# Townend Maddy - Fell Pony



## T_K (9 May 2012)

Around 12 years old, black, between 12hh-13hh. 

Last known in Penrith owned by Wayne Mason of Lakeland View Caravan Site in 2006.

Anyone know where she is now? This pony was one of twins and some 'fans' are trying to find out how she is doing.


----------



## The Fuzzy Furry (9 May 2012)

Does the FPS secretary have no updated address for owner nor any changes of owner since then?

Good luck in your search.


----------



## T_K (9 May 2012)

The Fuzzy Furry said:



			Does the FPS secretary have no updated address for owner nor any changes of owner since then?

Good luck in your search.
		
Click to expand...

That's the last registered address for her that the FPS have.


----------



## prettypony95 (9 May 2012)

I know the lady who breeds the Townend ponies, could ask her if she has heard anything of the pony?

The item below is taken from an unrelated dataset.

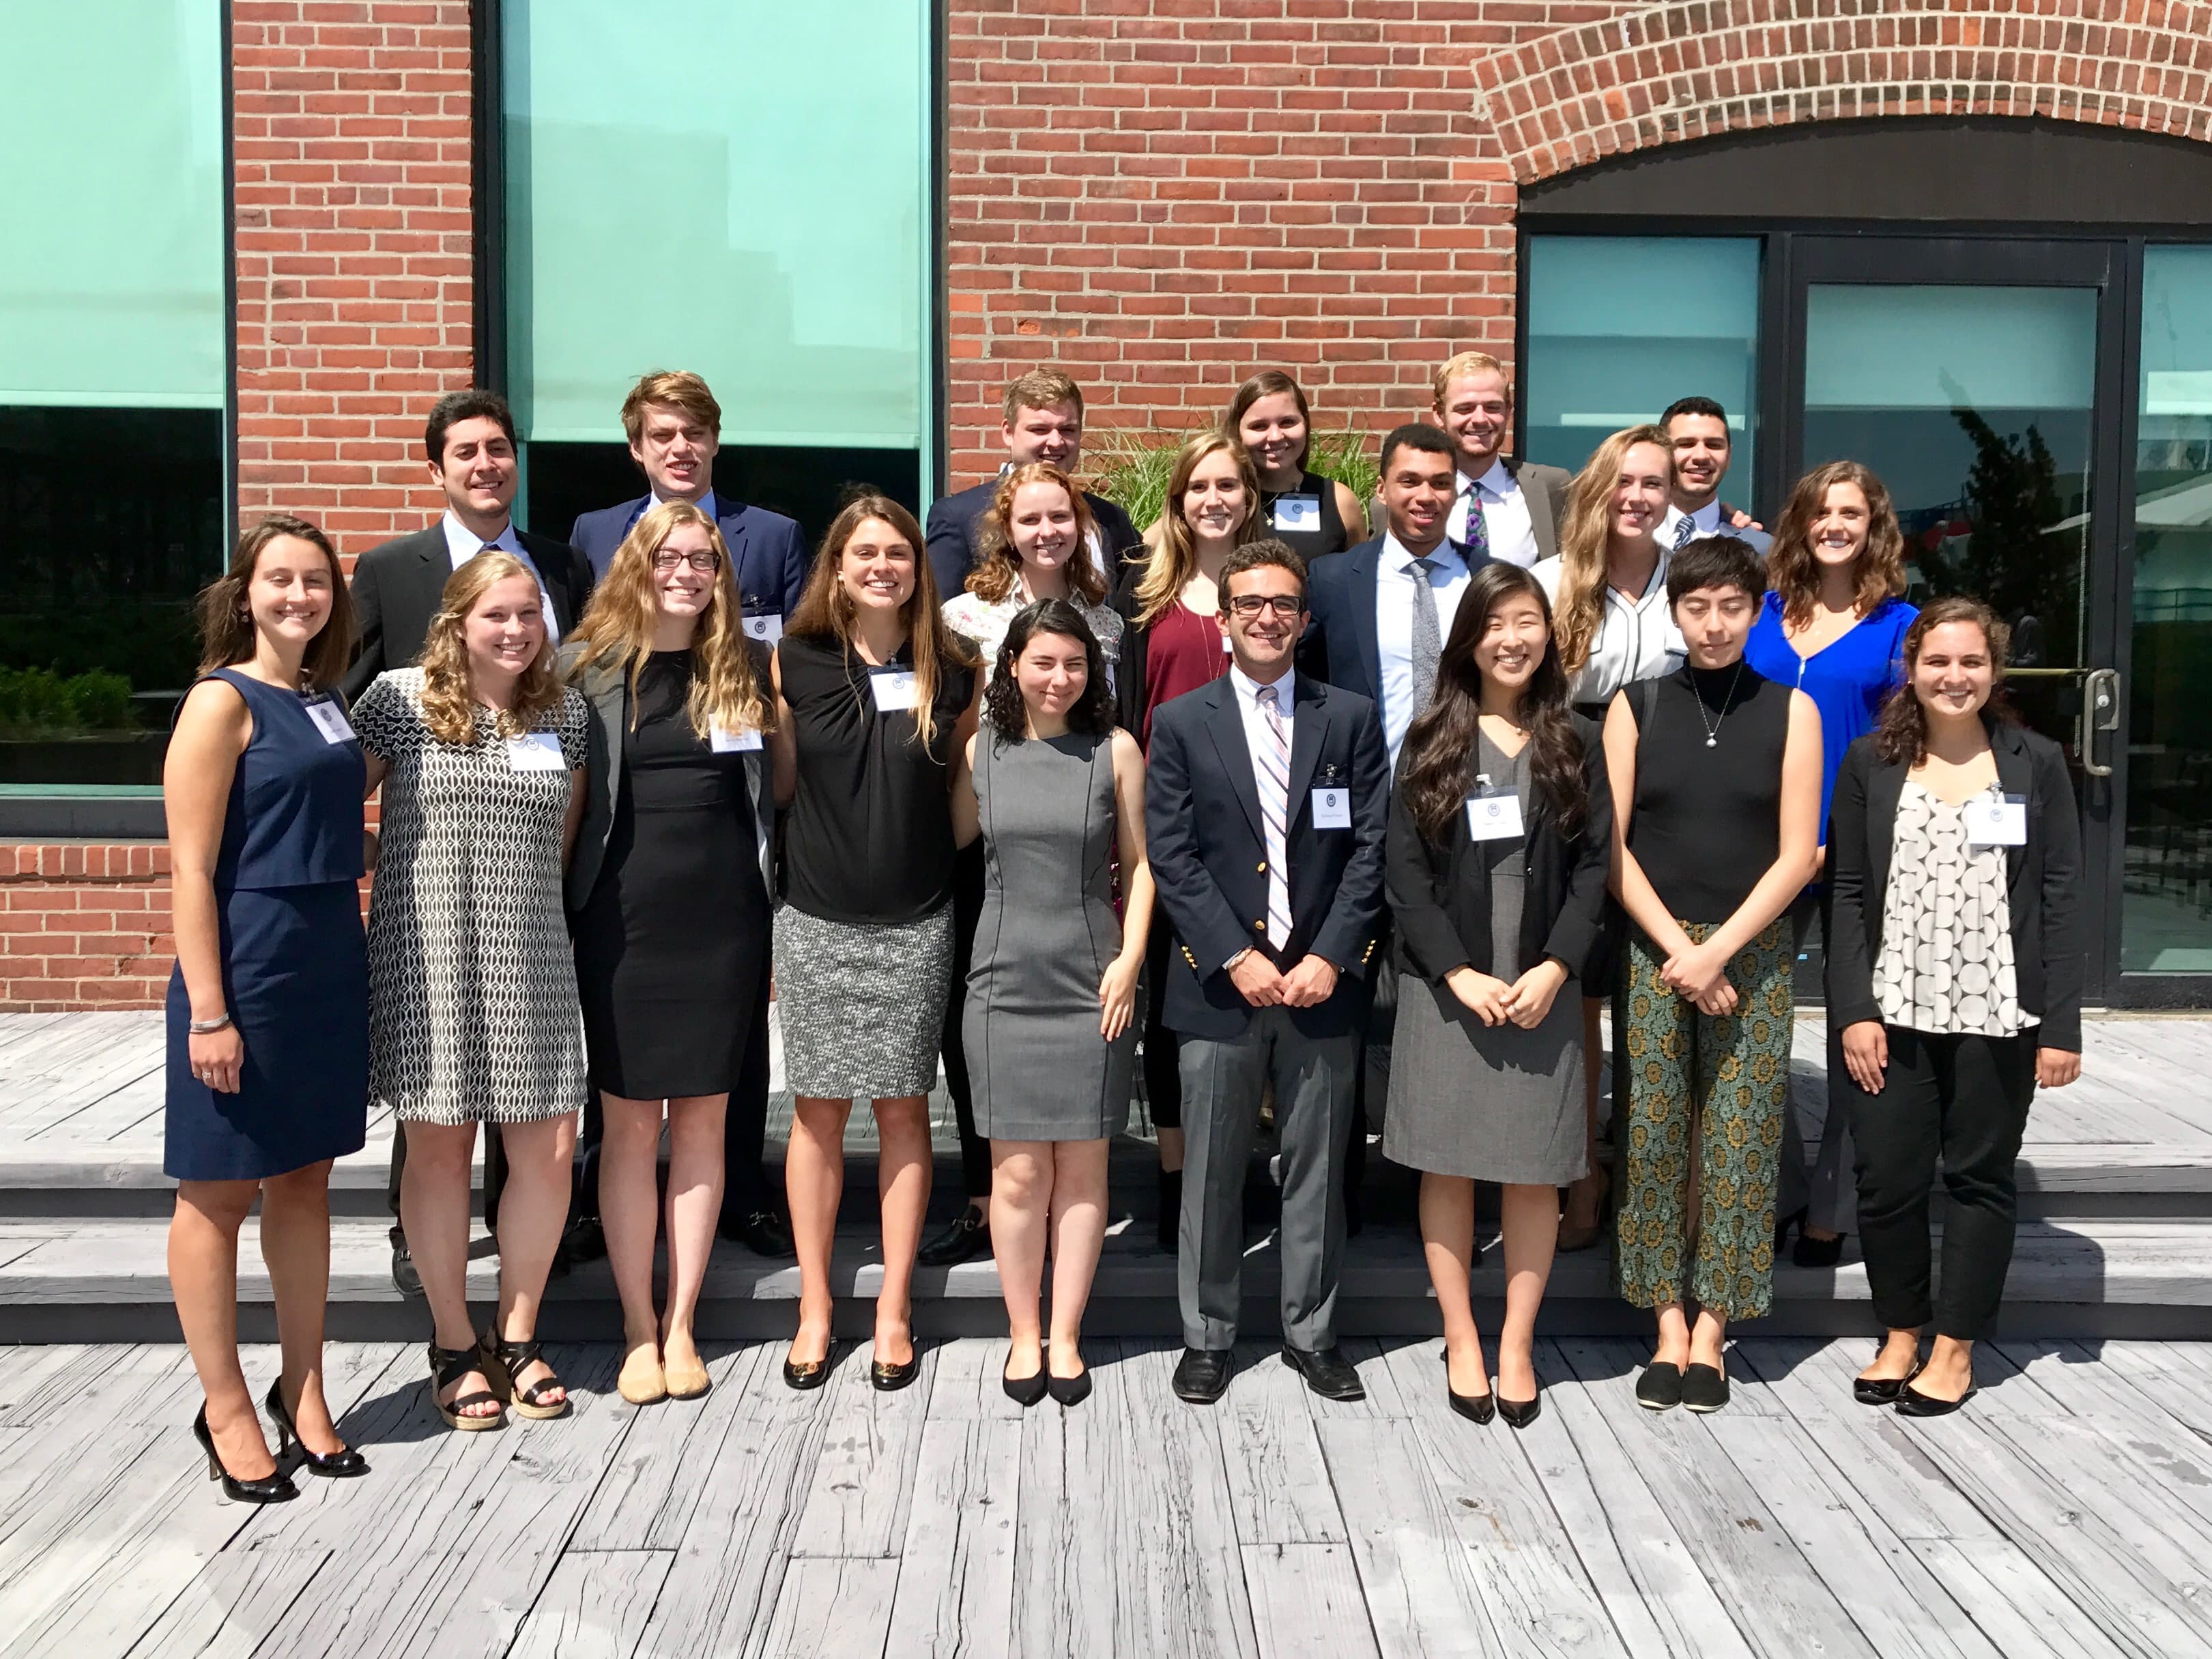 Group photo of interns in business casual clothes smiling outside of a building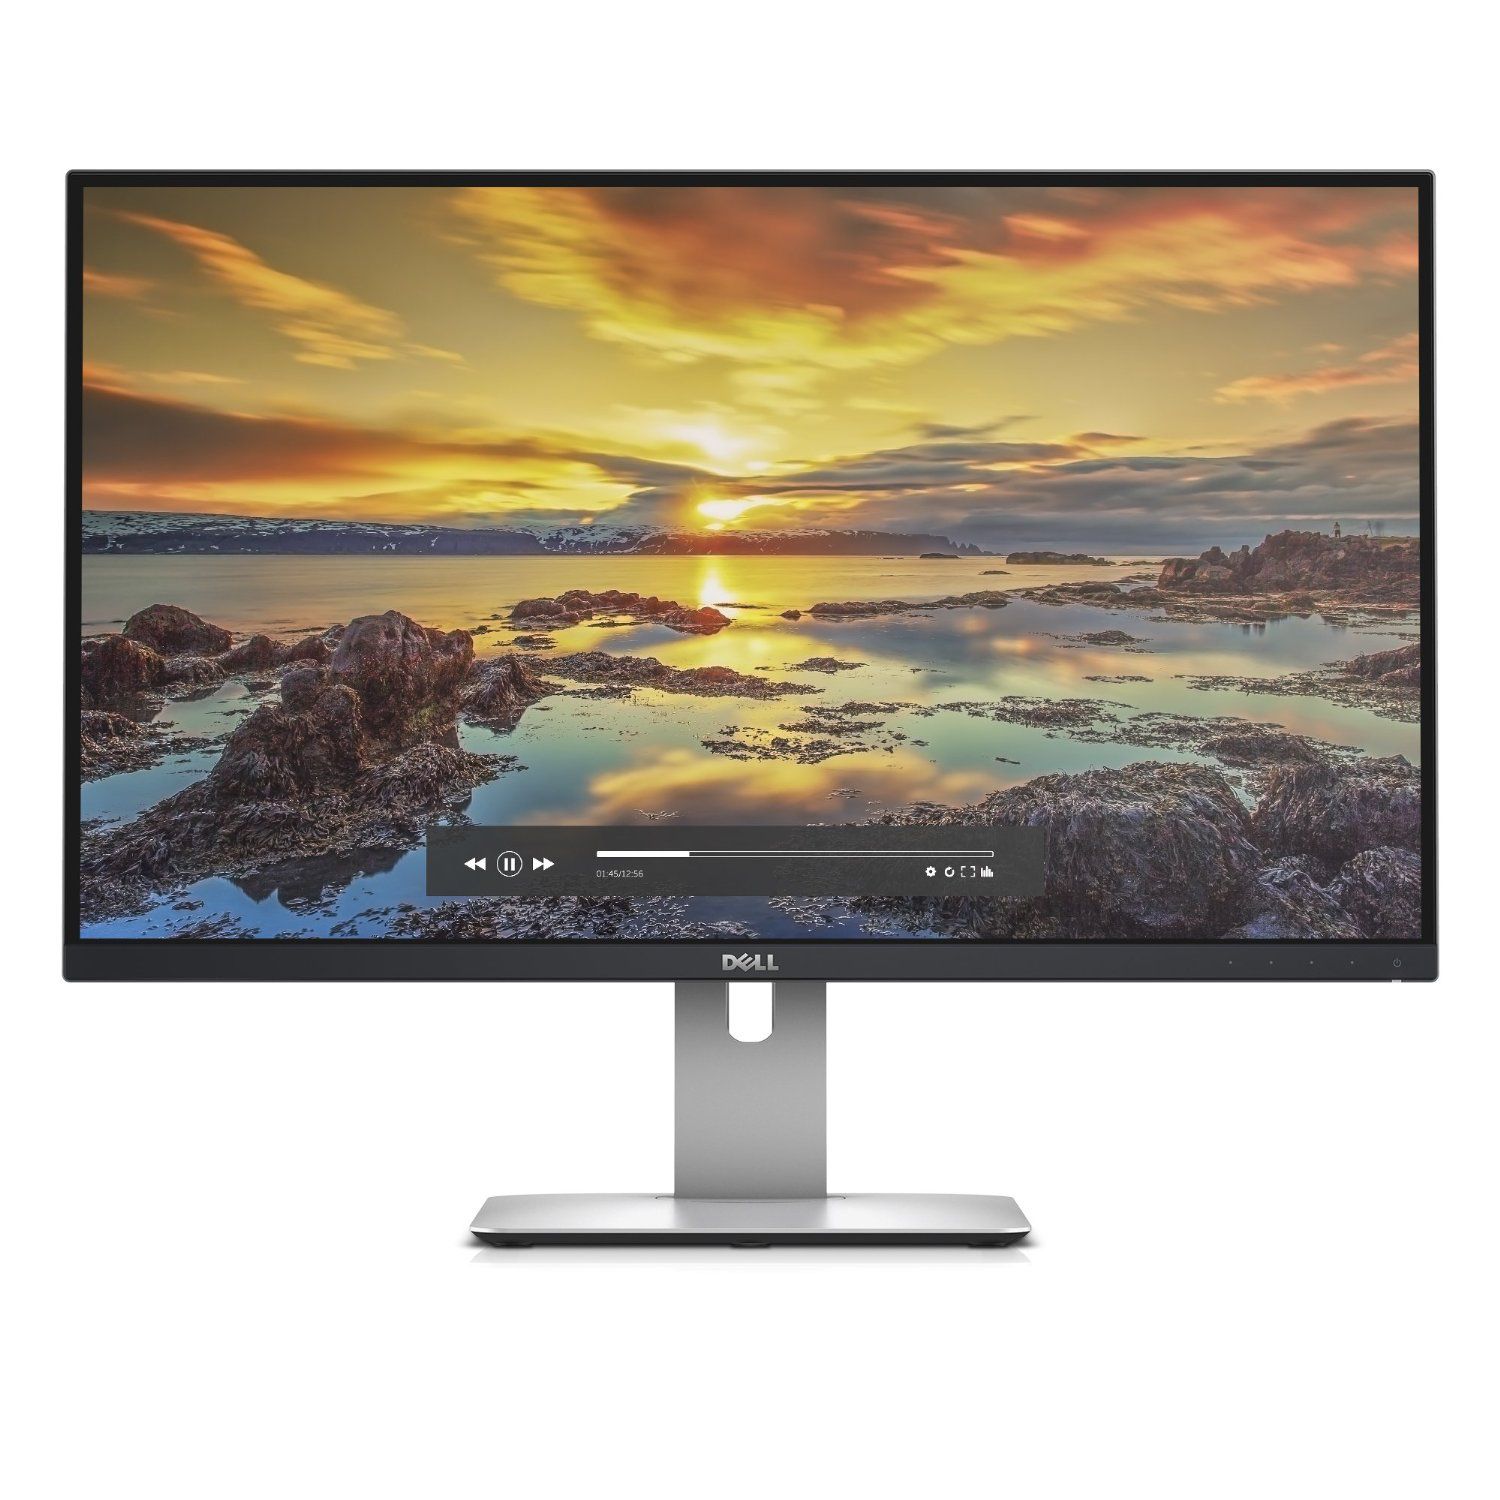 The 8 Best 27-Inch LCD Monitors to Buy in 2018

Or I can pm you her number if you like?


----------



## T_K (9 May 2012)

The trace is on behalf of 'Fell Pony Fans', we're trying to find the whereabouts of the pony now as someone has just bought her twin.


----------



## prettypony95 (9 May 2012)

have you tried searching the results for fell pony shows etc to see if her name has come up? good luck with the search


----------